На следующий же день «миленькой» рассказал о разговоре в Царском и сообщил о впечатлении: «там серчают… кому какое дело, где я живу; ведь я не арестант». Еще через день, при докладе царю о разговоре, Николай спросил: «Вы не говорили ему, что вышлете его?» — и на отрицательный ответ заявил, что «рад этому», так как ему было бы «крайне больно, чтобы кого‑либо тревожили из‑за нас». А в ответ на отрицательную характеристику «этого мужичка» царь сказал, что «лично почти не знает» его и «видел его мельком, кажется, не более двух‑трех раз, и притом на очень больших расстояниях времени». Едва ли он был искренен.
Но в тот же день Коковцову сообщили, что Распутину известно о неблагоприятном для него докладе царю и что он отозвался: «Вот он какой; ну что же, пущай; всяк свое знает». А когда Коковцов удивился быстроте передачи из Царского на квартиру Распутина, ему пояснили: «Ничего удивительного нет; довольно было… за завтраком рассказать (царице)… а потом долго ли вызвать Вырубову, сообщить ей, а она сейчас же к телефону и готово дело». Вся организация сношений здесь — как на ладони.

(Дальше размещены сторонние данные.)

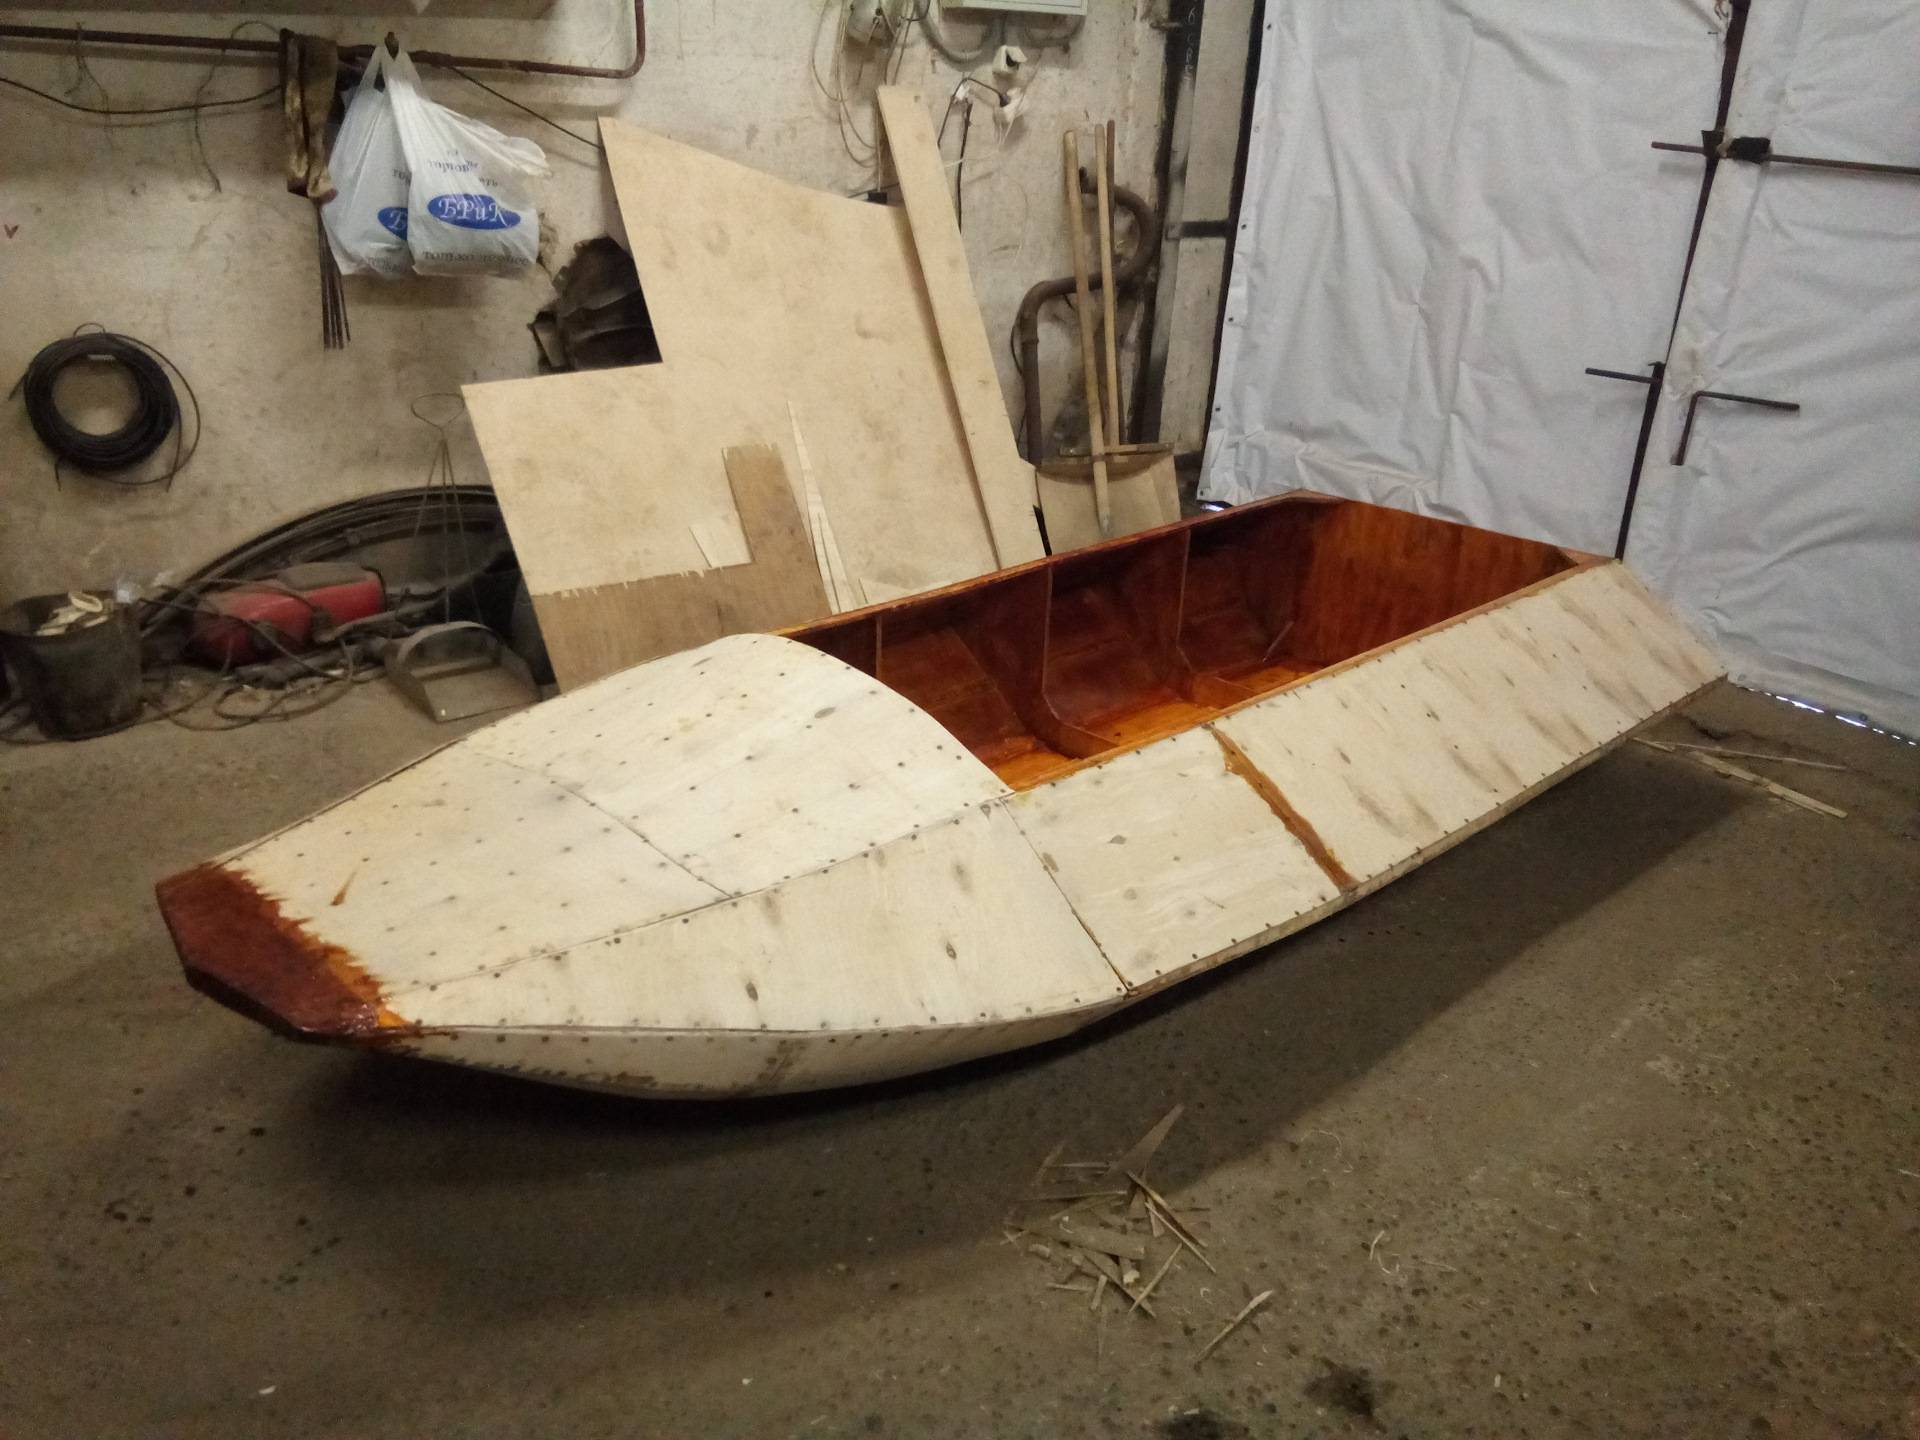 Самодельные лодки из фанеры: материалы и инструменты, чертежи и планировка, сборка корпуса, клеевые работы и окраска

Распутин все же уехал через неделю, но тут же дело осложнилось тем, что в руках Гучкова оказалось письмо императрицы к Распутину, где была, между прочим, цитируемая Коковцовым фраза: «Мне кажется, что моя голова склоняется, слушая тебя, и я чувствую прикосновение к себе твоей руки». Гучков размножил текст письма и решил сделать из него целую историю, передав копию Родзянке — на предмет доклада императору. Это как‑то совпало с обращением самого Николая, переславшего председателю Думы дело о хлыстовстве Распутина, начатое тобольской духовной консисторией. Дело было вздорное, и нужно было эти слухи опровергнуть. Но Родзянко очень возгордился поручением, устроил целую комиссию с участием Гучкова и приготовил обширный доклад. Вскипел Бульон, потек во храм.

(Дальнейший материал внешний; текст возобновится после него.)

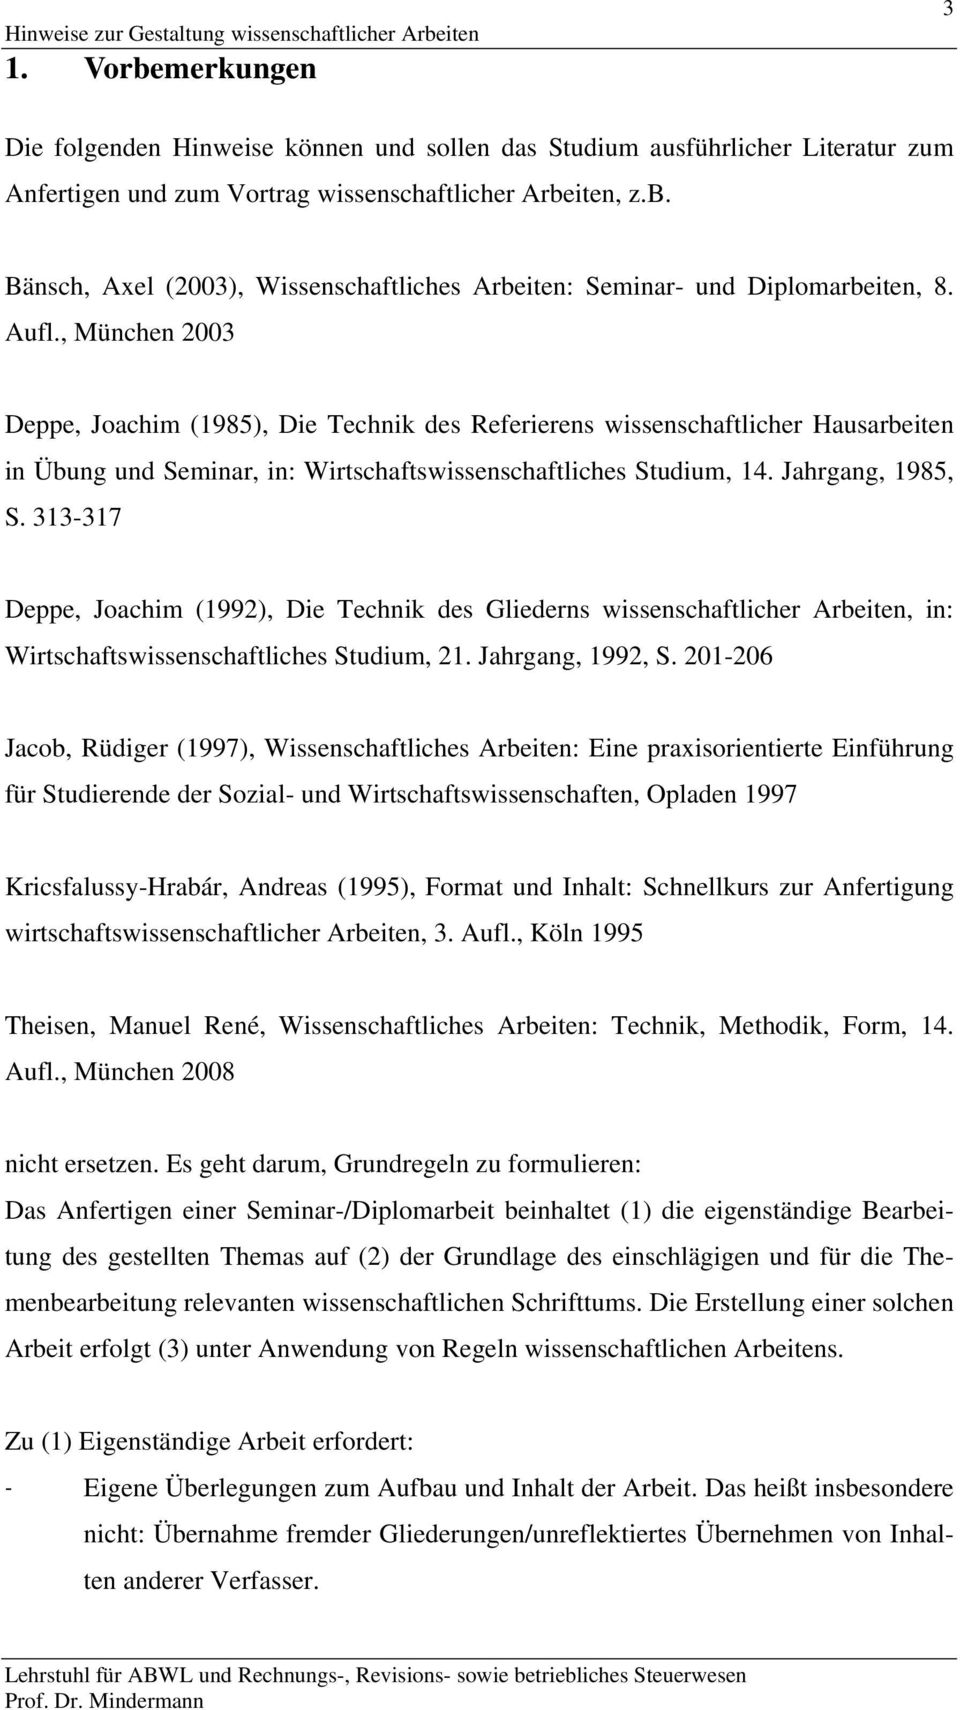 Aufl., München 2003 Deppe, Joachim (1985), Die Technik des Referierens wissenschaftlicher Hausarbeiten in Übung und Seminar, in: Wirtschaftswissenschaftliches Studium, 14. Jahrgang, 1985, S.

Тут припуталось и дело о письме Александры Федоровны, и Родзянко возомнил себя охранителем царской чести. Обо всем этом, конечно, было «по секрету» разглашено и в Думе, и вне Думы, и Родзянко стал готовиться к докладу. Тем временем Макаров разыскал подлинник письма и имел неосторожность передать документ Николаю. О произведенном впечатлении свидетельствует сообщение Коковцова. «Государь побледнел, нервно вынул письмо из конверта и, взглянувши на почерк императрицы, сказал: «Да, это не поддельное письмо», а затем открыл ящик своего стола и резким, совершенно непривычным ему жестом швырнул туда конверт». Выслушав этот рассказ от самого Макарова, Коковцов сказал ему: «Теперь ваша отставка обеспечена».

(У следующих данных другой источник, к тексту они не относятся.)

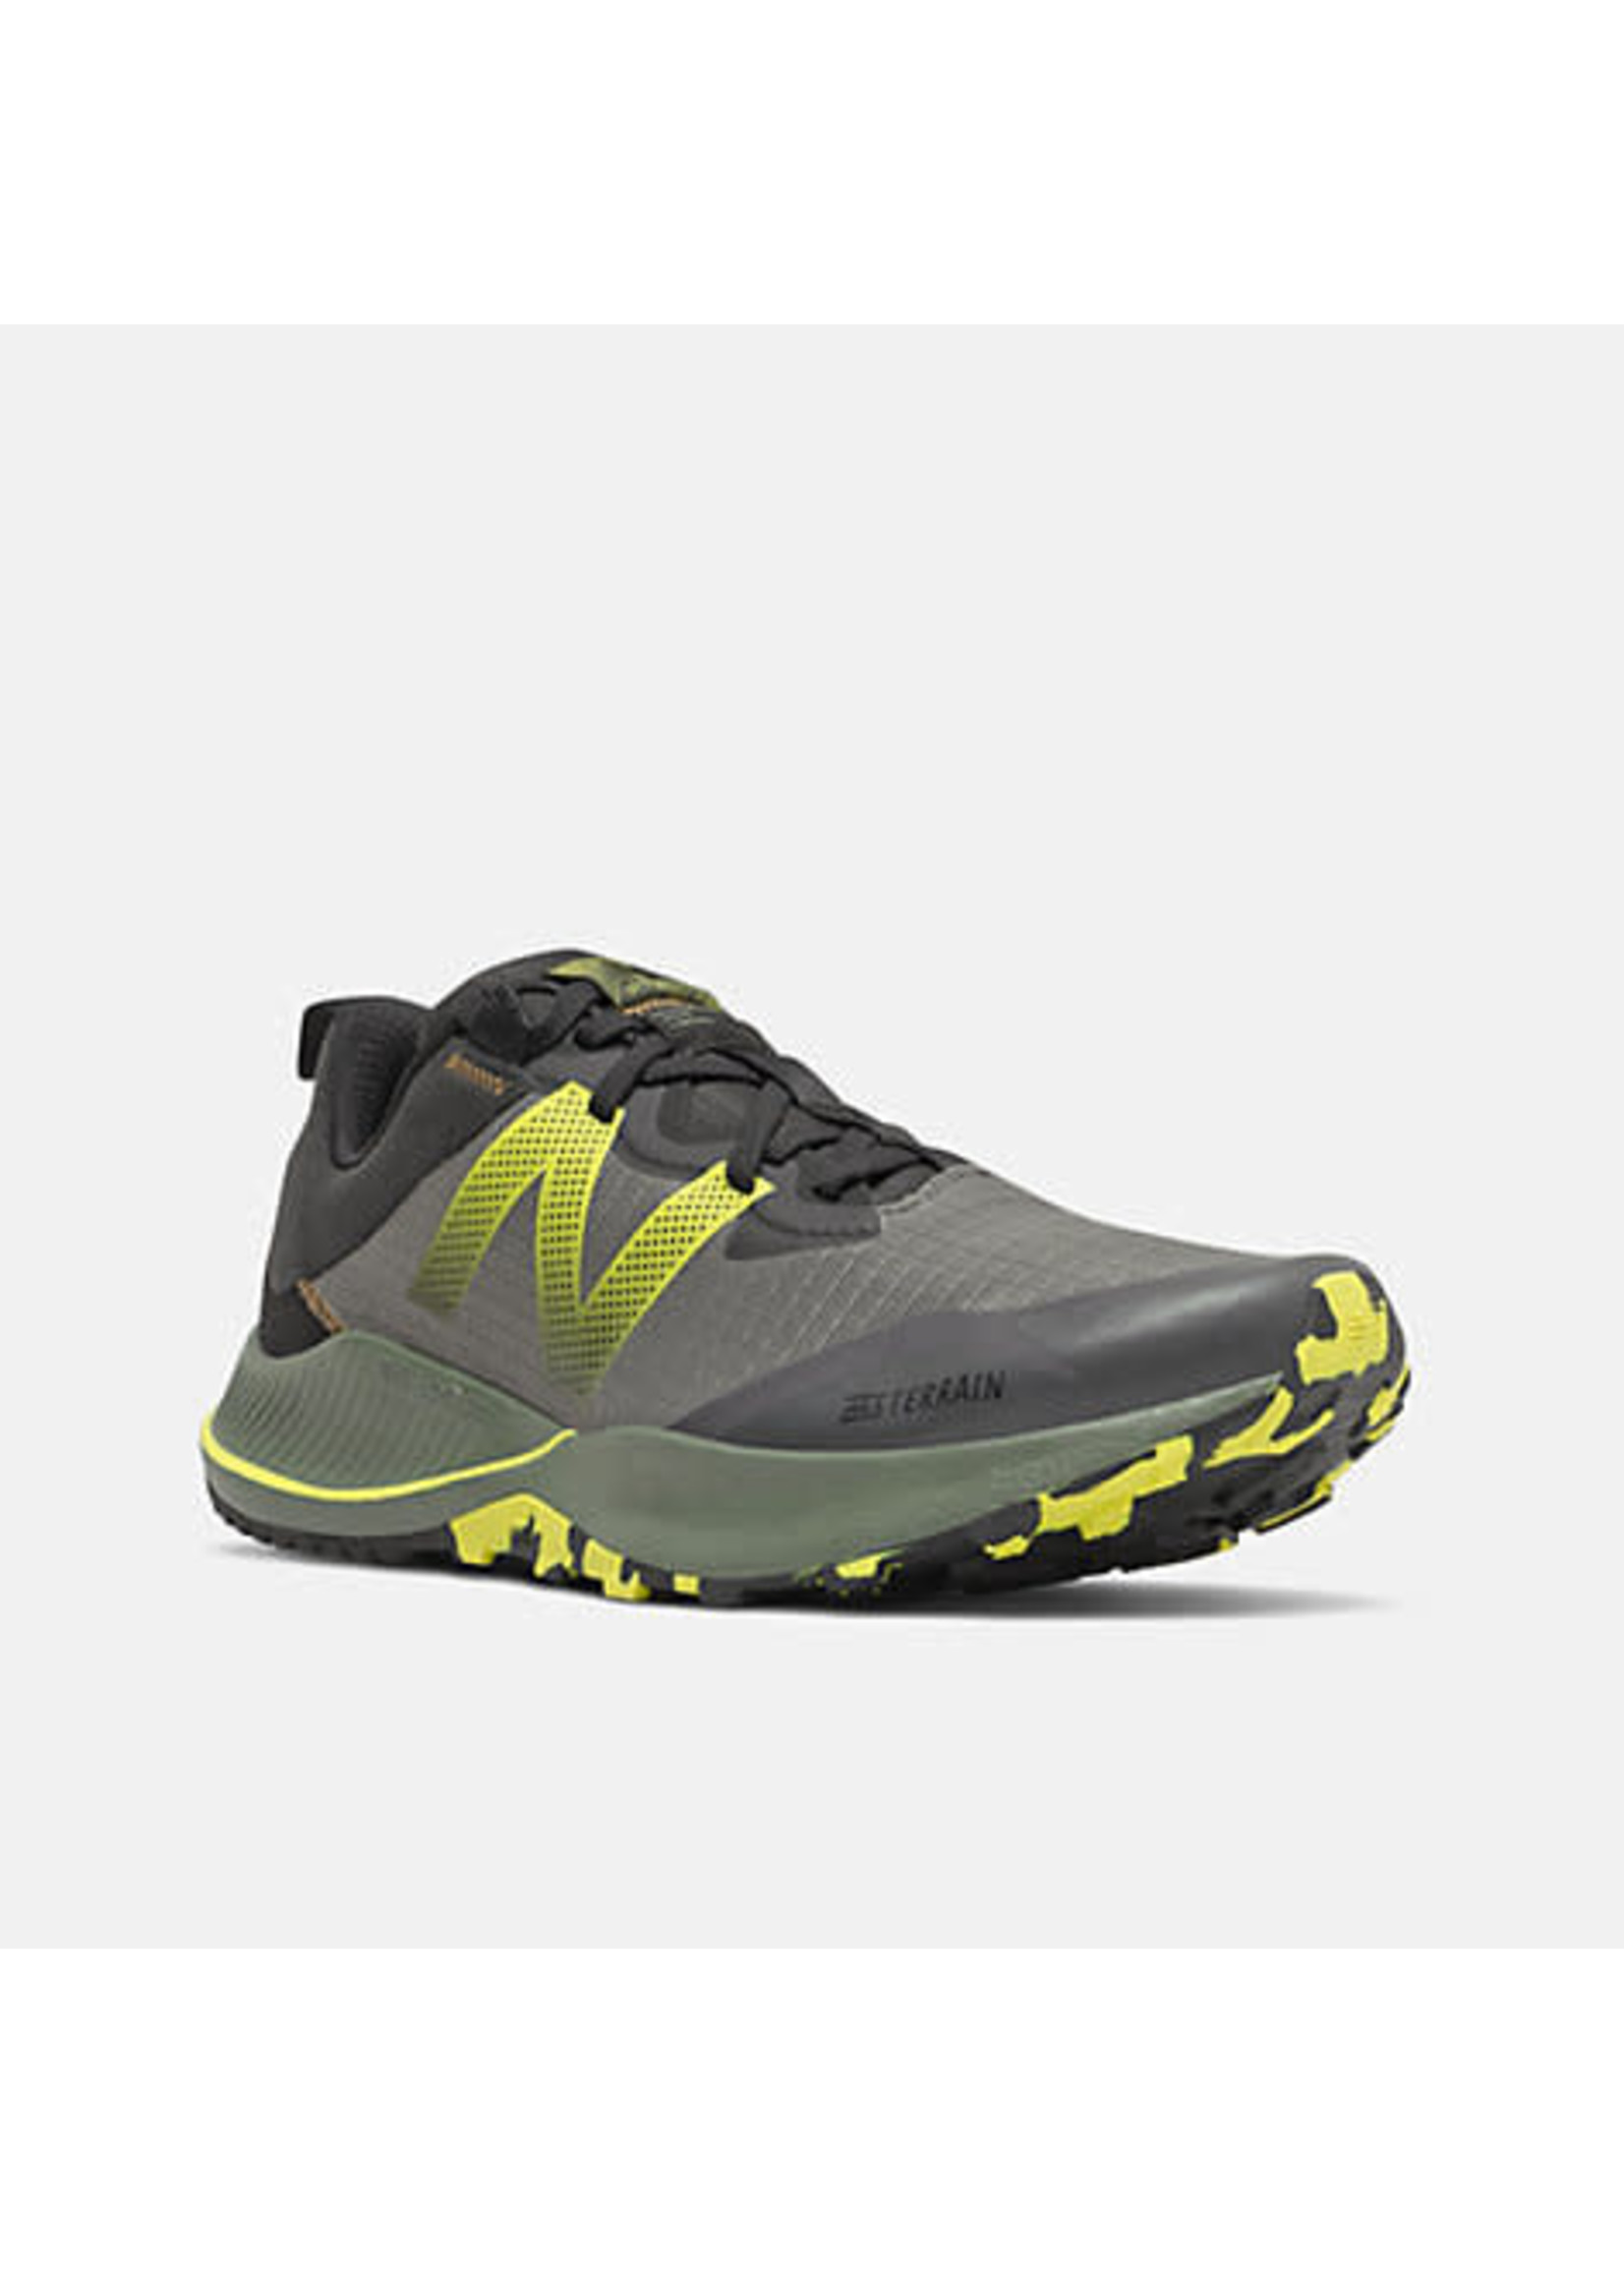 New Balance New Balance DynaSoft Nitrel v4 Mountain Trail Running Shoe

Впечатление глубокого личного оскорбления, вызванное непрошеным вмешательством в самые интимные стороны семейной жизни, распространилось, из‑за Родзянко и Гучкова, и на Государственную Думу. Родзянко получил свой доклад у царя и, вернувшись, с большим одушевлением рассказывал о том, какое глубокое впечатление произвели его слова и каким престижем пользуется имя Государственной Думы, но в частности по поводу доклада о Распутине царь сказал только, что пригласит его особо. После тщетного ожидания, Родзянко написал царю просьбу о приеме по текущим делам Думы. Ответа не было; тогда Родзянко приехал к Коковцову, жаловался на обиду, наносимую народному представительству, и грозил подать в отставку.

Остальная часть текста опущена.